# Thinking about data probabilistically

When we make a measurement, there will always be some uncertainty about that measurement. 
The source of this uncertainty is not under consideration just now, but rather what the uncertainty means and how we think about it in our analysis. 
Typically, a value with an uncertainty is written as $\mu \pm \sigma$, where $\mu$ and $\sigma$ are the measurement and uncertainty, respectively.
While there is (unfortunately) no standard for what this means, a common interpretation is that this is describing a {term}`normal distribution`, which is centred on $\mu$ with a standard deviation of $\sigma$ ({numref}`normal`). 
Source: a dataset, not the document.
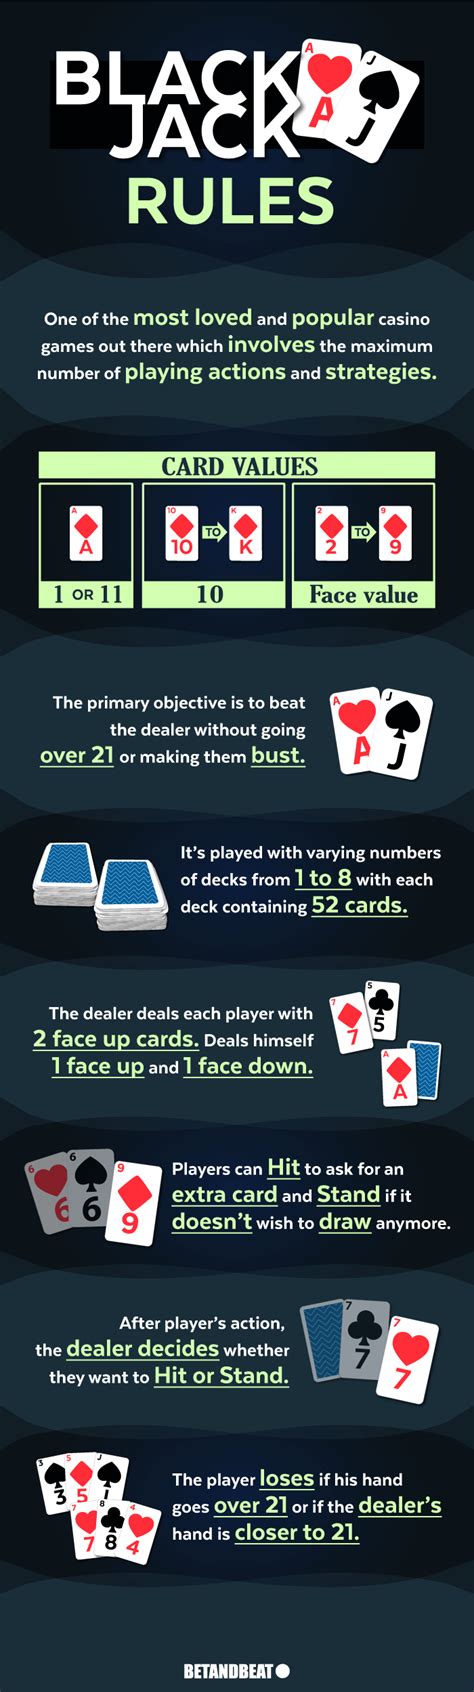 reglas blackjack casino

```{figure} ./images/normal.png
---
height: 250px
name: normal
---
A normal distribution (blue line), centred on 10.4 with a standard deviation of 1.6.
```

Consider the mathematical model, that provides a model dataset of a single data point, $x = a^2$, where $a$ is the parameter to be optimised.[^1]
We want to get the best agreement between our mathematical model and the experimental dataset in {numref}`normal`, i.e., we want a value of $a$ that maximises the value of $p(x)$, the model shows the highest probability of representing the data. 
We know the functional form for the distribution in {numref}`normal` (later, we will call this the {term}`likelihood`), 

```{math}
:label: normal
p(x) = \frac{1}{\sigma\sqrt{2\pi}}\exp{\bigg[-\frac{1}{2}\Big(\frac{x-\mu}{\sigma}\Big)^2\bigg]},
```

and therefore to get the best agreement between the model and the data, we need a value of $a$ that maximises (or more commonly, minimises the negative) of this function. 
This is achieved using an {term}`optimisation algorithm`, however, first we need a function that calculates $-p(x)$ from $a$.

In [1]:
from scipy.stats import norm

mu = 10.4
sigma = 1.6

def nl(a):
    x = a ** 2
    N = norm(loc=mu, scale=sigma)
    return -N.pdf(x)

The above function calculates the negative likelihood of a given $a$ for the data shown in {numref}`normal`.
We can then use the `scipy.optimize.minimize` optimisation algorithm to minimise this, other minimization libraries are available in Python. 

In [2]:
from scipy.optimize import minimize

result = minimize(nl, 2)
print(result)

  message: Optimization terminated successfully.
  success: True
   status: 0
      fun: -0.24933892525083448
        x: [ 3.225e+00]
      nit: 1
      jac: [-6.724e-07]
 hess_inv: [[1]]
     nfev: 24
     njev: 12


We can see that the optimization was successful and the optimized value of $a$ is 3.225 (this is the parameter `result.x`), this is shown alongside the data in {numref}`normal_fit`.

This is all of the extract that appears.